→ How to complete this task
Please go over the material below and count each line with the string "Szene", giving only the total.

→ Provided entries
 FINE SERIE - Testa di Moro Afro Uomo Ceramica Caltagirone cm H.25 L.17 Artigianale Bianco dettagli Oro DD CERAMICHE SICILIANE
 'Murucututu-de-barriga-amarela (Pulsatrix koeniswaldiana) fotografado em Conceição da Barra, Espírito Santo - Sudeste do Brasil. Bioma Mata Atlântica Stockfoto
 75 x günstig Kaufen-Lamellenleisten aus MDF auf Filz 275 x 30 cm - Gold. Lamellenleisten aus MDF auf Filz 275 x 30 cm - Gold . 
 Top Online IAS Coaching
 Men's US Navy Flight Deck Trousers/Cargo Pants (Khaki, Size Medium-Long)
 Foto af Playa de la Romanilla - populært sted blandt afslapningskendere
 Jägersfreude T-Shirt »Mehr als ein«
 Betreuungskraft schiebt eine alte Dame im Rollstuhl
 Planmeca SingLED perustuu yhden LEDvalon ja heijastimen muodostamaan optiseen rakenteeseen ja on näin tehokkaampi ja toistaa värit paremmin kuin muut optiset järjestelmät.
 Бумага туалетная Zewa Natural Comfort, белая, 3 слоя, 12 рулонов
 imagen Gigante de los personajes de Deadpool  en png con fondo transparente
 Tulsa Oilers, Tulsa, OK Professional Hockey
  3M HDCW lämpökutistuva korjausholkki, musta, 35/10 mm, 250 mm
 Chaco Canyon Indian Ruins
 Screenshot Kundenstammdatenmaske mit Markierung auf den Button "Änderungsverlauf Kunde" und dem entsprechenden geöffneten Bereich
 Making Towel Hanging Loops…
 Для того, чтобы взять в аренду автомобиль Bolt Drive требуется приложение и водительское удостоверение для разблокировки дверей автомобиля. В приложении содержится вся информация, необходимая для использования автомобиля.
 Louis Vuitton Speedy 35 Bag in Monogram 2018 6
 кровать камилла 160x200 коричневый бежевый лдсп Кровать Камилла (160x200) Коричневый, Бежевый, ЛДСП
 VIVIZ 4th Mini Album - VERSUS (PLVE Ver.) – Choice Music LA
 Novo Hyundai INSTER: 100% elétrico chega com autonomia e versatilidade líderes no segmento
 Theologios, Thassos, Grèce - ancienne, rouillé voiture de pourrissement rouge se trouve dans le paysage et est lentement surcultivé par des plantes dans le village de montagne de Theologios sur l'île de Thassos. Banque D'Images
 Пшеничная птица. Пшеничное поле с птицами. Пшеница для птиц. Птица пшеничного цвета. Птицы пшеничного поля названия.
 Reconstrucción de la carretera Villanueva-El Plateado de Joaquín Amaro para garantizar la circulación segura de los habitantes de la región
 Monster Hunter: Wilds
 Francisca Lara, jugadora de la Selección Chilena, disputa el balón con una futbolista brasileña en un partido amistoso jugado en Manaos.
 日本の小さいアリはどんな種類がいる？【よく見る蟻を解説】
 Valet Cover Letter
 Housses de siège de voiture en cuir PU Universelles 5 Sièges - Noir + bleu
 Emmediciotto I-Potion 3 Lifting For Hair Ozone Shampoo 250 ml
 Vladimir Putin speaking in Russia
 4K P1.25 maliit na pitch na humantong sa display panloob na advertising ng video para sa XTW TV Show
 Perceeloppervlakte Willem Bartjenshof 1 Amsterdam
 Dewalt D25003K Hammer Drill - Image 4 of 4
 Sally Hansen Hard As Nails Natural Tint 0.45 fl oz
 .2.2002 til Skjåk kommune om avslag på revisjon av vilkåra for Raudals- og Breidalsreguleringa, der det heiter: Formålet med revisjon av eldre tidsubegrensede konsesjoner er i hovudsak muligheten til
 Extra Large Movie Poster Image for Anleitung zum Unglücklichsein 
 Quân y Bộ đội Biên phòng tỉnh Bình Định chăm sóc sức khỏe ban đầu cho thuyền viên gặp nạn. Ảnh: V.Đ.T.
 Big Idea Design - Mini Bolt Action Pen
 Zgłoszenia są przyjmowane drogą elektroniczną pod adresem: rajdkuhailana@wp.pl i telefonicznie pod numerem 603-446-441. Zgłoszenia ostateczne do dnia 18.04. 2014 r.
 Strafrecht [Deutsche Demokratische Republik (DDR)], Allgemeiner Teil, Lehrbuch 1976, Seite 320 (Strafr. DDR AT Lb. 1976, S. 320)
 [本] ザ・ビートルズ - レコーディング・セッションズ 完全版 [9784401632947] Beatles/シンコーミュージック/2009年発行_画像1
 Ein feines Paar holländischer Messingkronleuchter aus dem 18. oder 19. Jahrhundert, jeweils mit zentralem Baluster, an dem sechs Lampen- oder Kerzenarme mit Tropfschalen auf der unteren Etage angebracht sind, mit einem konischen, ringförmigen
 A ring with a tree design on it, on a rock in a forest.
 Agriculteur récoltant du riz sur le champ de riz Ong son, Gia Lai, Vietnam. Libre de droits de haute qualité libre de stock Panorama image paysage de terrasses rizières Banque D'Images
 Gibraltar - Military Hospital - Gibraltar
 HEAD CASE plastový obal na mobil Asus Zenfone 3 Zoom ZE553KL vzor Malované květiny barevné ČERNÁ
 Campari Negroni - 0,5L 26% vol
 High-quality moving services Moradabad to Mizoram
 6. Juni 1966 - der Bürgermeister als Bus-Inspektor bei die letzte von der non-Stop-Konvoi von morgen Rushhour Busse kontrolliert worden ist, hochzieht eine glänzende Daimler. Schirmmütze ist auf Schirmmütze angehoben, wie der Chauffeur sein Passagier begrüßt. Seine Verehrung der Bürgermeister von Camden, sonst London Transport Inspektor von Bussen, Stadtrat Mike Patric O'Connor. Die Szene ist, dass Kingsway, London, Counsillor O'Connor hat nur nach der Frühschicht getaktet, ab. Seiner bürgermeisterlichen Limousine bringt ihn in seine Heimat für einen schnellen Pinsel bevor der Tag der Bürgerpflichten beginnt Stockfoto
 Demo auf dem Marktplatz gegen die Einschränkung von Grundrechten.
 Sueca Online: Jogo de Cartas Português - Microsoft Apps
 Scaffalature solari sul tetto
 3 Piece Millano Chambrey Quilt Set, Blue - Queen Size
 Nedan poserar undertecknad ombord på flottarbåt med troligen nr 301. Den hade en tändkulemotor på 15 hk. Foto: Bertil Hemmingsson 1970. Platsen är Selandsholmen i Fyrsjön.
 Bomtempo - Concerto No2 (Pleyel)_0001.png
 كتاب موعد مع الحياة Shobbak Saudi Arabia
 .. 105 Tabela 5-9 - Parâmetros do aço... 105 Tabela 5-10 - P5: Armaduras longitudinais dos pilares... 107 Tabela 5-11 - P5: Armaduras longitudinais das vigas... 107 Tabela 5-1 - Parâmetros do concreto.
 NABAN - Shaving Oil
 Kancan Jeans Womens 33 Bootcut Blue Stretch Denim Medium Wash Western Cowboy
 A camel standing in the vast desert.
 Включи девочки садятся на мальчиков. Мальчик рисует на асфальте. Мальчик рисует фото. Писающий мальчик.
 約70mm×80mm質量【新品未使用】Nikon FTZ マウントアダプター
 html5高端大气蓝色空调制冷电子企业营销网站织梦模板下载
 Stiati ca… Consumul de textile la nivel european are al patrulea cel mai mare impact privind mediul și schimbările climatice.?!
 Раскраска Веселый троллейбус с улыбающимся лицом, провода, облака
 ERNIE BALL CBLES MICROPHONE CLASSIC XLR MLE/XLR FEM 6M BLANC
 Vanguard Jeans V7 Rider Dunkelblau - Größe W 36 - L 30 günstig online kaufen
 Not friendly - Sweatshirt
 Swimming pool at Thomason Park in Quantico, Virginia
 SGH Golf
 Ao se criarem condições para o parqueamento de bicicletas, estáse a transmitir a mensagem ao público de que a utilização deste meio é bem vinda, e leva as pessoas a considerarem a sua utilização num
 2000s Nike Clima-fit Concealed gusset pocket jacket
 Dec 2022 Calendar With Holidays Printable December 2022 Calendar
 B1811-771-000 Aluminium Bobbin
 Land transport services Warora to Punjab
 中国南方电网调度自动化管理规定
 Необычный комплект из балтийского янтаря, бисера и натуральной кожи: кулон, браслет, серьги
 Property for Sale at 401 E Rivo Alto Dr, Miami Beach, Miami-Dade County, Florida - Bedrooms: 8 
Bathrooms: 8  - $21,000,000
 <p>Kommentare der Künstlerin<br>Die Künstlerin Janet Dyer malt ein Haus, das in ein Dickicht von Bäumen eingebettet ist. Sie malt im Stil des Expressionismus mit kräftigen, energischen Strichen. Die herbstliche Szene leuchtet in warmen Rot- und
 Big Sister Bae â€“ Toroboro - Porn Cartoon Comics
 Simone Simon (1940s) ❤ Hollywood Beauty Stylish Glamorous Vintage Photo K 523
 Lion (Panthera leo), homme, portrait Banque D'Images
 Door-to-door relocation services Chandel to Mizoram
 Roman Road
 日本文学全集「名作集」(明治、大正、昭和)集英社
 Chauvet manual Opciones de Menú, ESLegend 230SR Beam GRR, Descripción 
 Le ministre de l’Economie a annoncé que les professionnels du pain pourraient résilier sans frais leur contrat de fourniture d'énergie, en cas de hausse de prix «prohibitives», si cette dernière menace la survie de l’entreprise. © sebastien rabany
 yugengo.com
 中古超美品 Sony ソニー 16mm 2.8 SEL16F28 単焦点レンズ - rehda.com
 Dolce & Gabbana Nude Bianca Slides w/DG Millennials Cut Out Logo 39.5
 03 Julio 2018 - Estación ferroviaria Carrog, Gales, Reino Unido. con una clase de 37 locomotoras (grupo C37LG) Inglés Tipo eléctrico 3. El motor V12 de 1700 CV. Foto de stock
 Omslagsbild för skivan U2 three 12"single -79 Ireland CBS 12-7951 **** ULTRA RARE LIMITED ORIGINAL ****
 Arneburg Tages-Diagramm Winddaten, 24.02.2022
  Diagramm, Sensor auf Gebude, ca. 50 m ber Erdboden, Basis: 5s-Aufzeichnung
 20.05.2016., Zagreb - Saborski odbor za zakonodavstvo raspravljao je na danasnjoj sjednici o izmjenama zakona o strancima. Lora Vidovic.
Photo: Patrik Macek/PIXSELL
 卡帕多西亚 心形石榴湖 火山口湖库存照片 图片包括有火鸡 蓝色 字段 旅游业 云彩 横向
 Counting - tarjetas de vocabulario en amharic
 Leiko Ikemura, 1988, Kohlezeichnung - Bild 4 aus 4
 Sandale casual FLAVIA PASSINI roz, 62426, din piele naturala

→ Written answer
2